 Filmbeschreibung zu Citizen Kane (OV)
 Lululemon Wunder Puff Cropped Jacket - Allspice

...

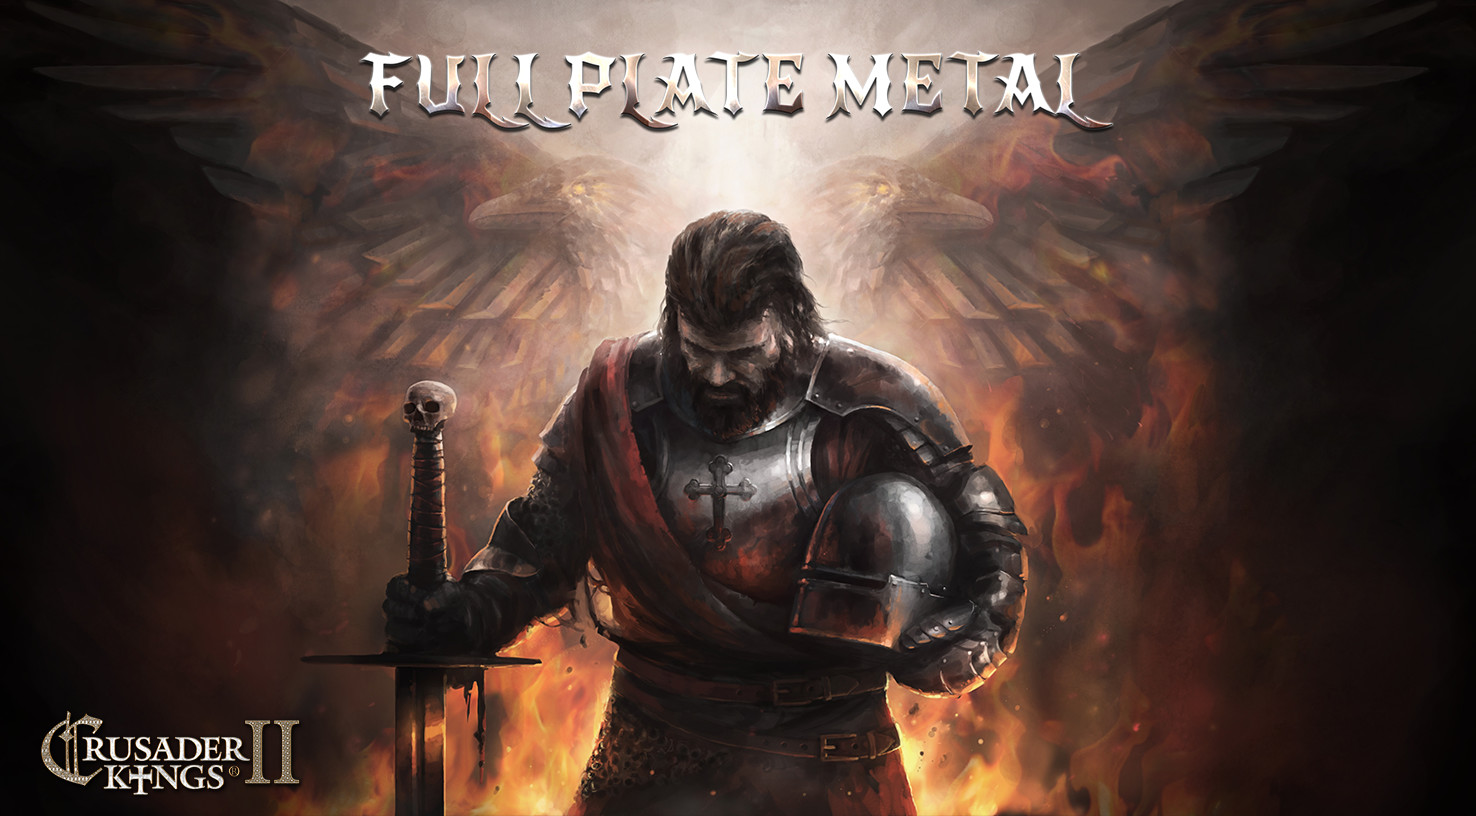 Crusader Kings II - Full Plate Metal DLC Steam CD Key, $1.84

**YOUR TASK:** Please copy the lines in the records above between the one holding "Filmbeschreibung zu Citizen Kane (OV)" and the one holding "Lululemon Wunder Puff", inclusive, exactly and with no other line.

**REPLY:**
 Filmbeschreibung zu Citizen Kane (OV)
 Lululemon Wunder Puff Cropped Jacket - Allspice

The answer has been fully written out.